[WHAT YOU HAVE TO DO]
Whatever pictures appear, omit them, and repeat the data below exactly.

[DATASET EXTRACT]
****
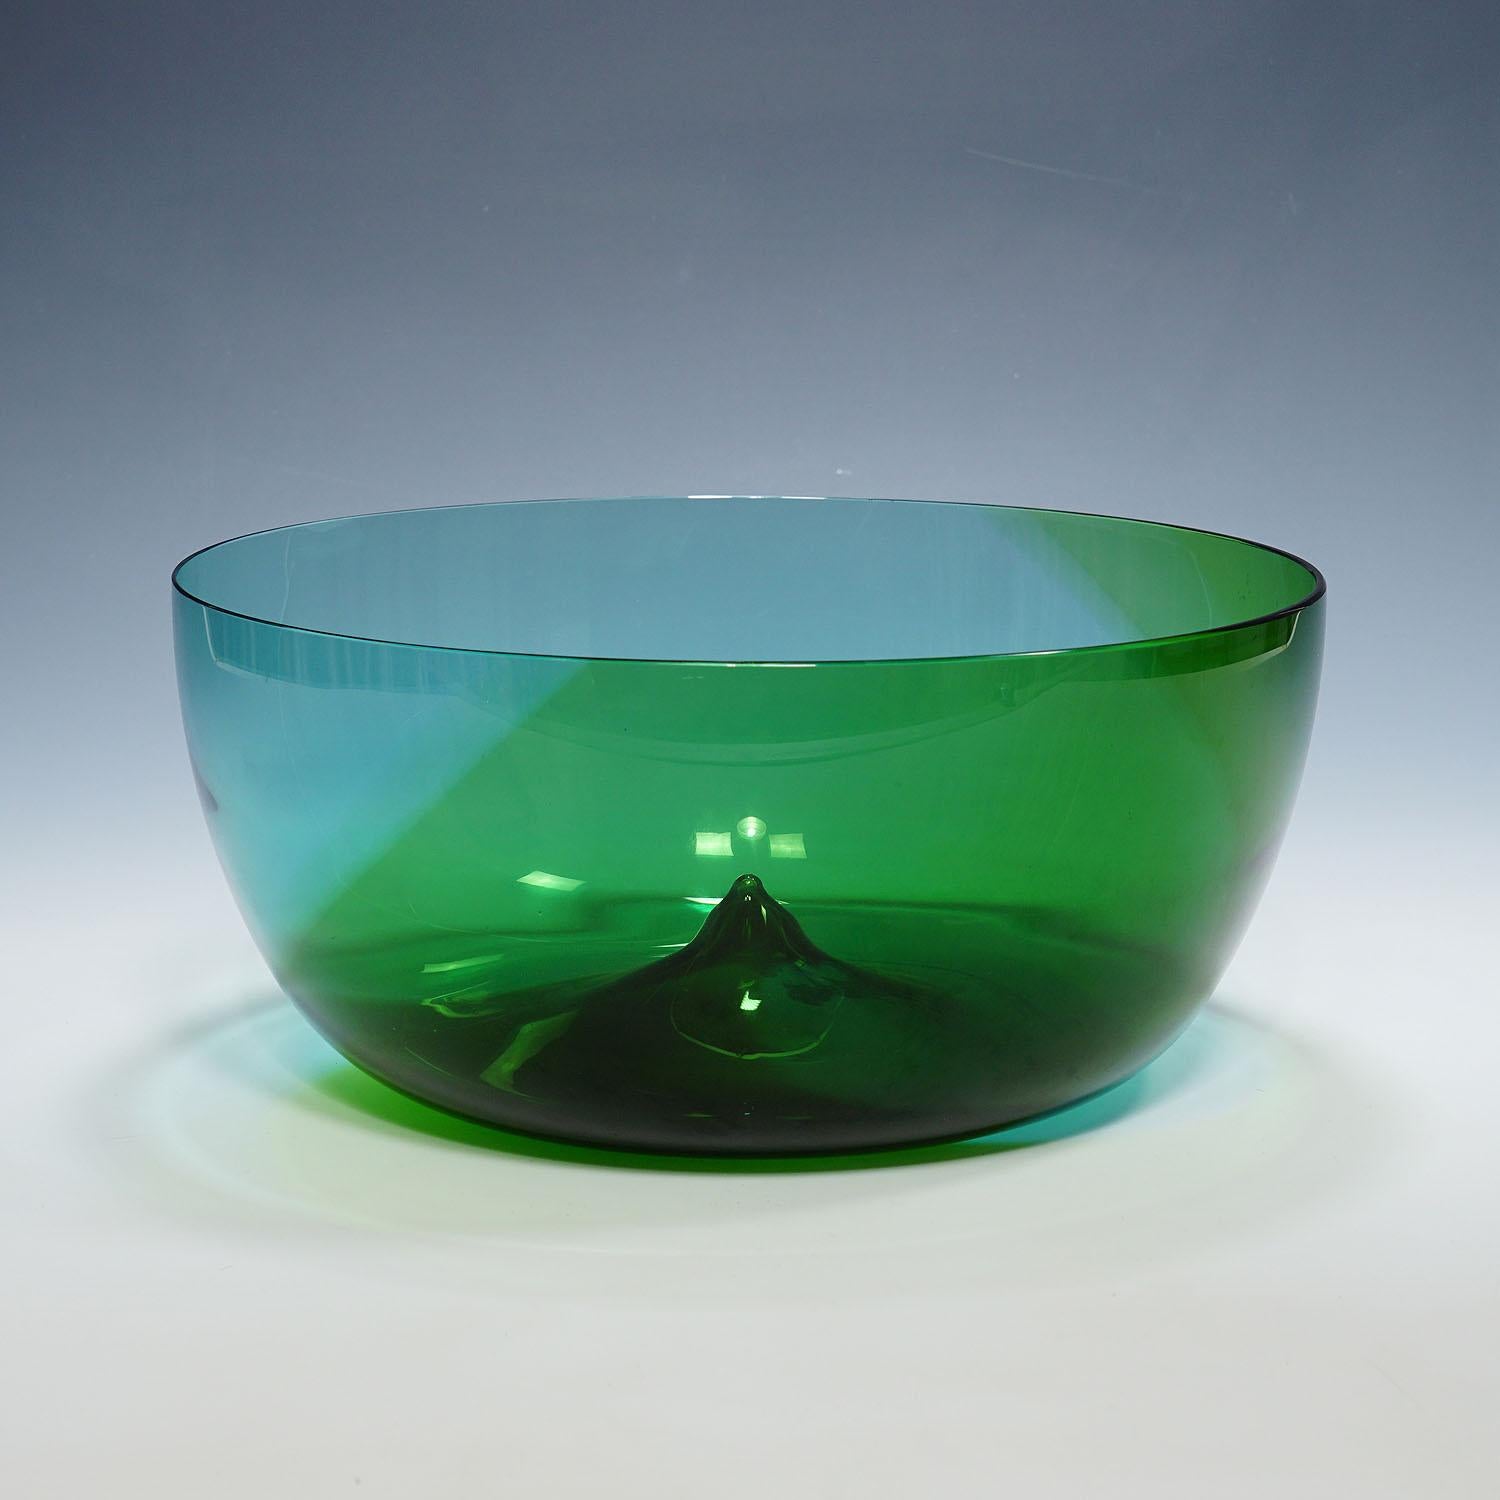 Large Venini Bowl 'Coreano', Designed by Tapio Wirkkala in 1966

A blue and green a fasce a spirale bowl from the Coreani series. Designed in 1966 by Tapio Wirkkala for Venini. Produced 1973 by Venini, Murano. Incised signature 
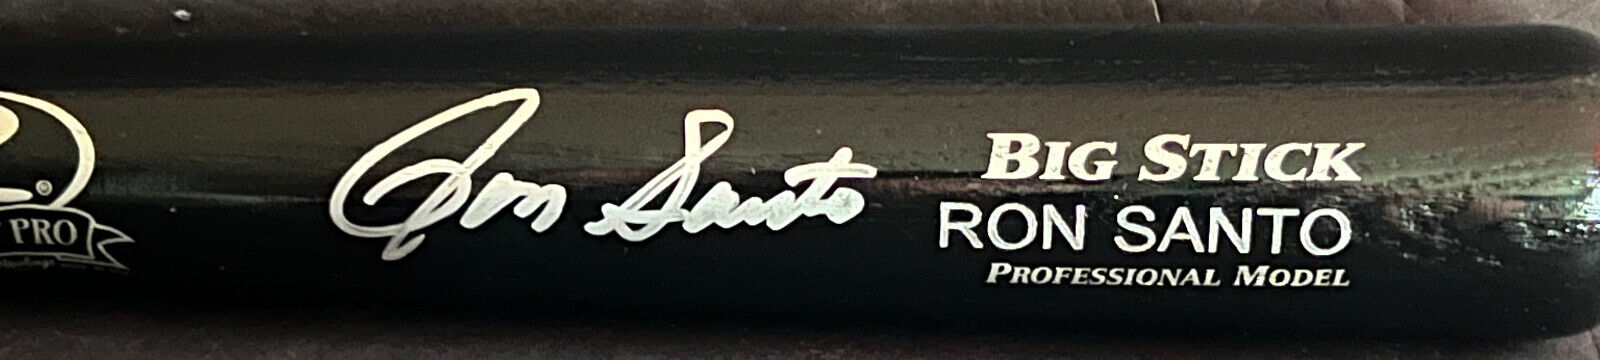 Ron Santo Cubs White Sox Autographed Signed Bat Pro Model Beckett COA Black
****
[OUTPUT]
 Large Venini Bowl 'Coreano', Designed by Tapio Wirkkala in 1966

A blue and green a fasce a spirale bowl from the Coreani series. Designed in 1966 by Tapio Wirkkala for Venini. Produced 1973 by Venini, Murano. Incised signature 
 Ron Santo Cubs White Sox Autographed Signed Bat Pro Model Beckett COA Black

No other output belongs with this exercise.